Bill Gross says a December rate rise is “100 per cent” likely, after US jobs data exceed all predictions – here’s what other analysts think, too
"Bond king" Bill Gross thinks a US December rate rise has just become practically certain, after US jobs data beat everyone's predictions.
In October, the US added 271,000 jobs to its economy, way ahead of the 180,000 predicted and the highest monthly figure for the year so far. Meanwhile, unemployment fell to five per cent, from 5.1 per cent the month before.
This has raised the likelihood the Federal Reserve will go ahead with a rise next month, having kept rates at their near-zero levels since 2006.
In an interview with Bloomberg, Gross said: “I think it's, like I say, 100 per cent that they go in December and then try and tamp it down with milk, gradual language that will keep the dollar from strengthening even further.”
After the figures came out, the dollar hit a seven-month high, jumping 1.16 per cent against the pound, to 66.51p.
But by no means is Gross the only one to take a newly optimistic view. Here's what others have said…
Cebr
Saying the US economy looked like it had “turned a corner” in the third quarter, Cebr described a December rate rise as “all but certain”.
“Jobs data and GDP figures during Q3 were underwhelming compared to the post-crisis trajectory so far,” they said.
The Federal Reserve’s last set of minutes dropped the gloomy tone on the global economic situation and signalled a likely rate rise in December unless data before that are particularly bad. Fed chair Janet Yellen stated some months ago that the labour market was almost back to normal and reiterated as recently as Wednesday that a December rise was a “live possibility”. After today’s numbers, the likelihood has risen further.
Barclays
After moving its prediction of a rise to March at the end of August, the bank has taken a optimistic view in light of today's figures.
“When we moved our rate hike assumption to March 2016, we assumed that the volatility in financial markets would be longer lasting and the Fed would have trouble resolving their differences about the viability of rate hikes before year-end,” it told the FT, adding that the October FOMC minutes revealed a Hawkish tone, suggesting the committee saw downside risks from global developments as having diminished.
This change in communication, the faster dissipation in uncertainty, and a very solid payroll report necessitate a change in our call to December. We now forecast a federal funds range of 25-50bp in December, up from the current 0-25bp.
Traders
According to Bloomberg's measure of sentiment among futures traders, a December rise looks “increasingly certain”.
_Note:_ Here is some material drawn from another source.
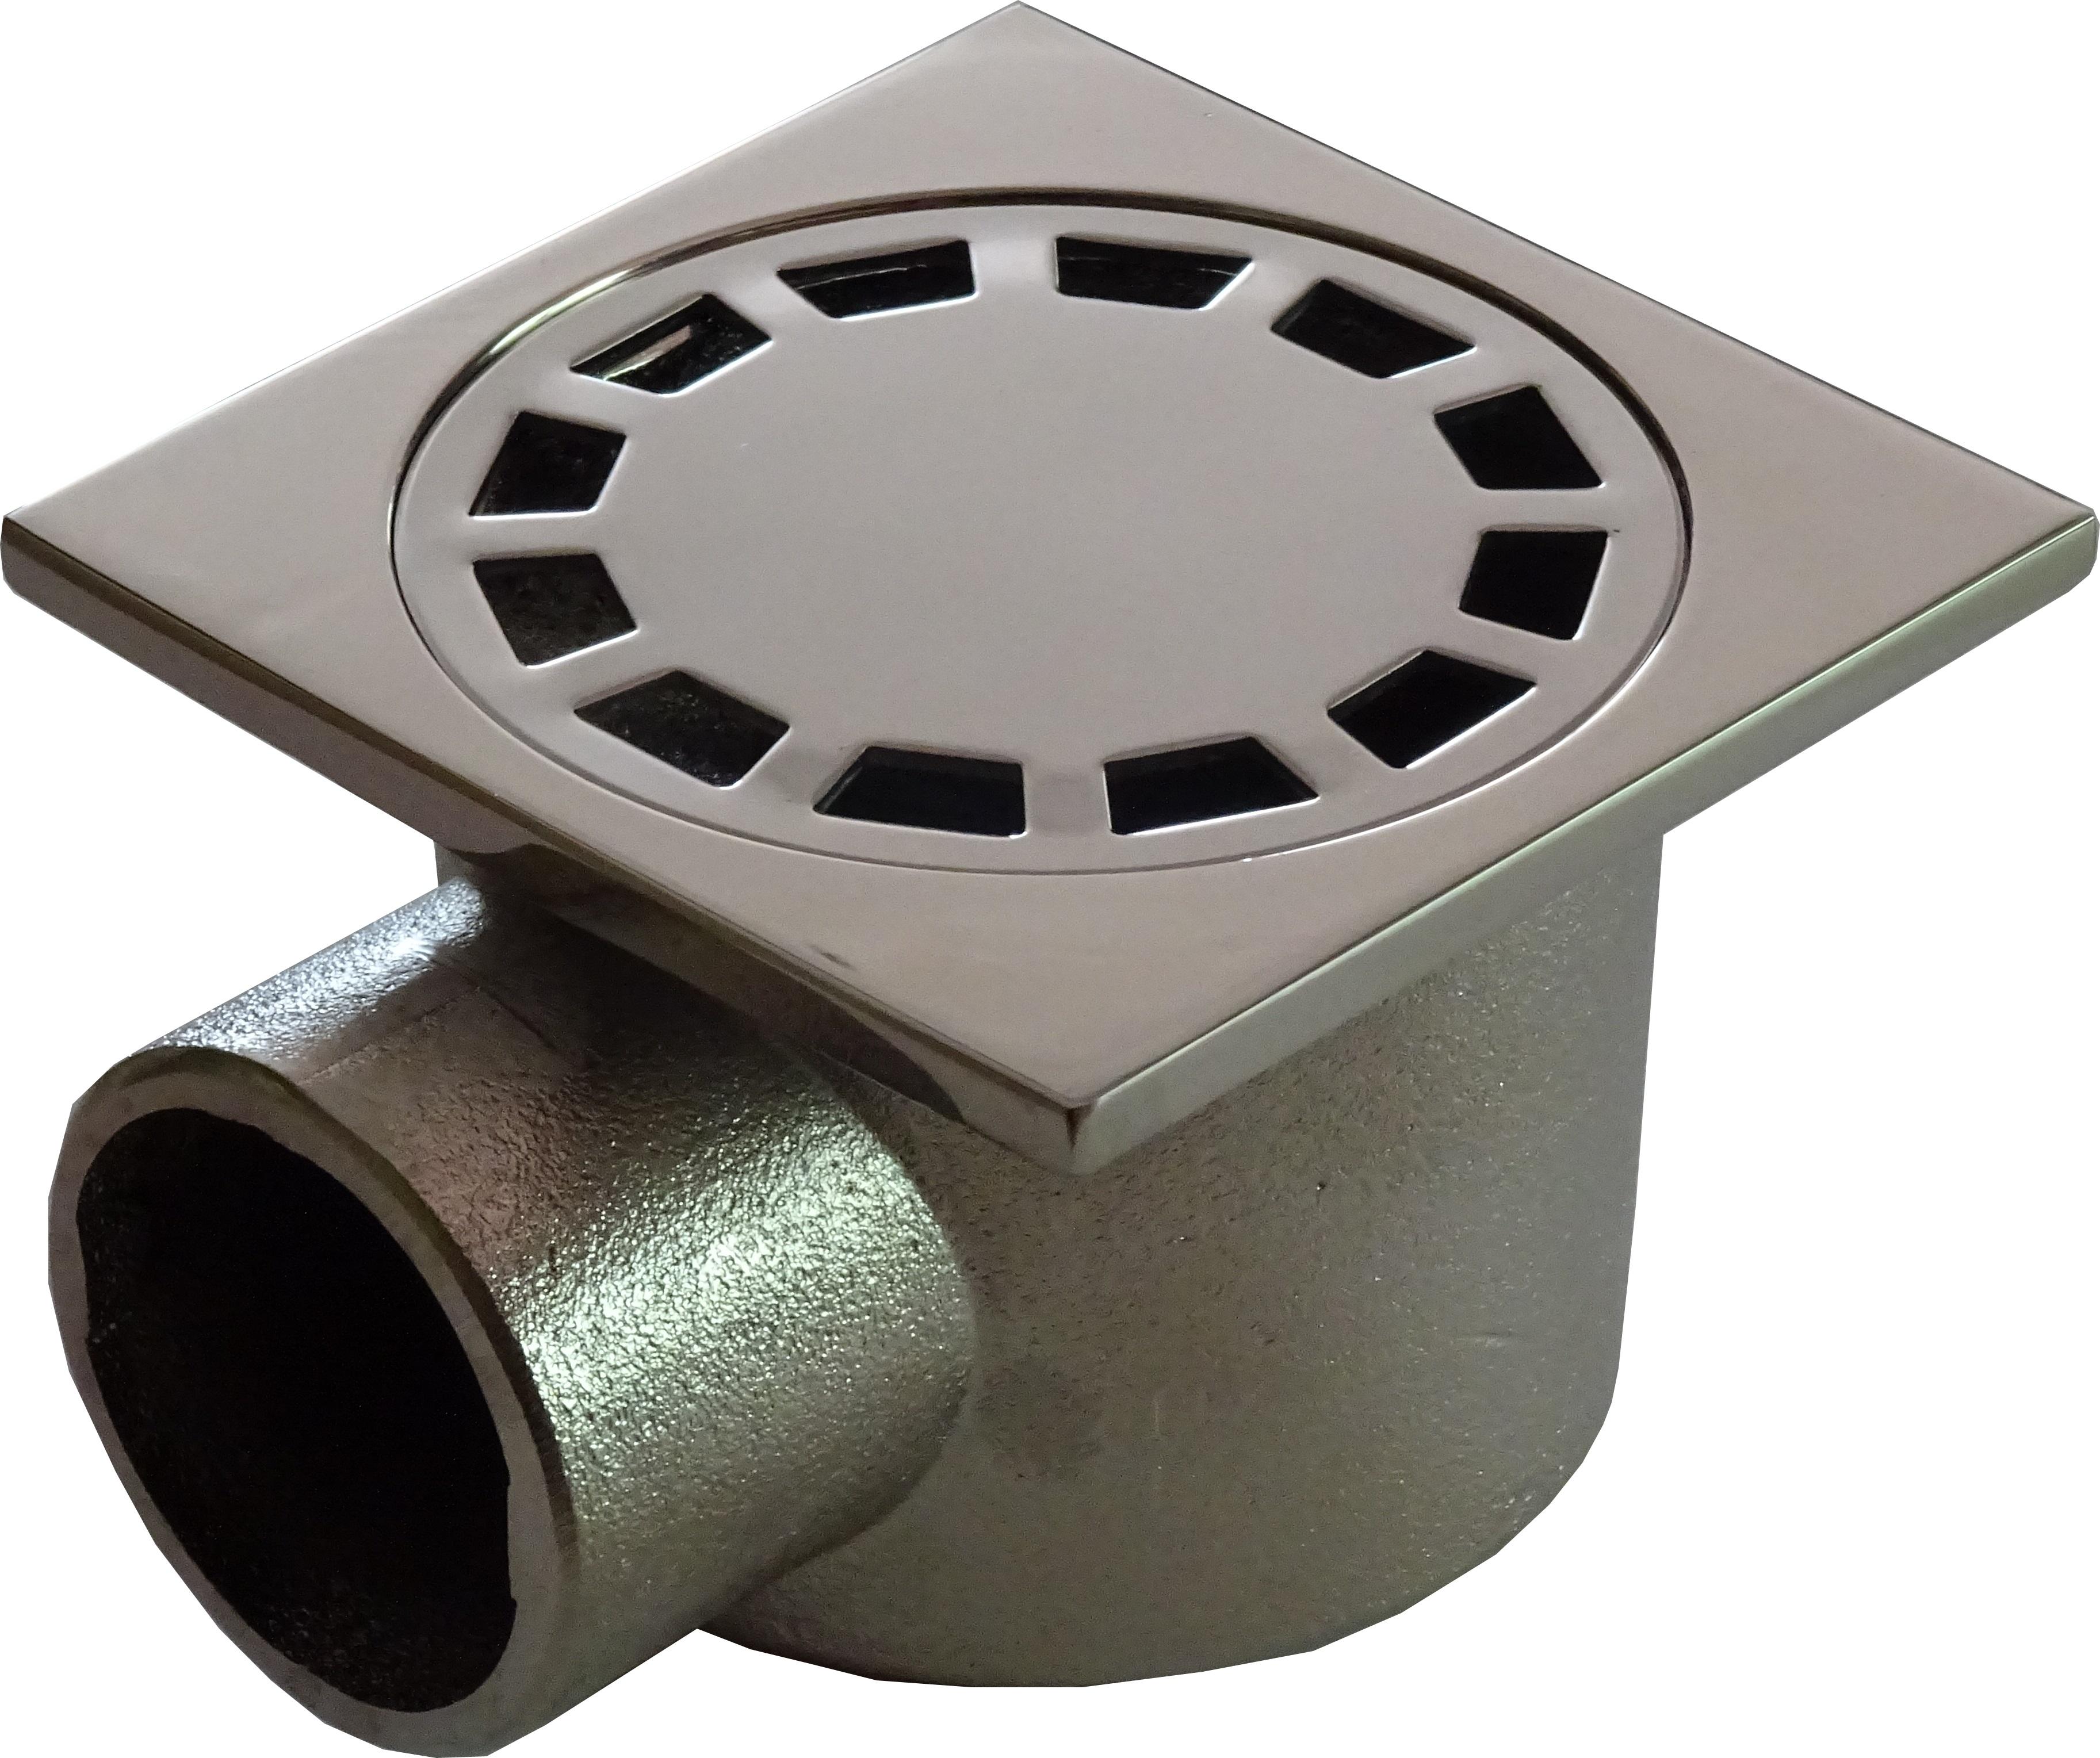 Подов сифон за баня със странично оттичане МЕСИНГ, рогов 100x100 мм Танушев България

Traders see a 70 percent chance that the Fed will raise its benchmark rate from near zero at its next meeting, up from a 56 percent probability before Friday’s release of stronger-than-forecast U.S. labour data. The calculation assumes the effective fed funds rate averages 0.375 percent after the first hike.
The Share Centre
Helal Miah, investment research analyst at The Share Centre, said:
These numbers are now likely to heavily influence the Federal Reserve at their December meeting when they decide whether to raise interest rates for the first time since the financial crisis.
As a result, the US dollar has made material gains against other major currencies, up one per cent against both the Euro and sterling.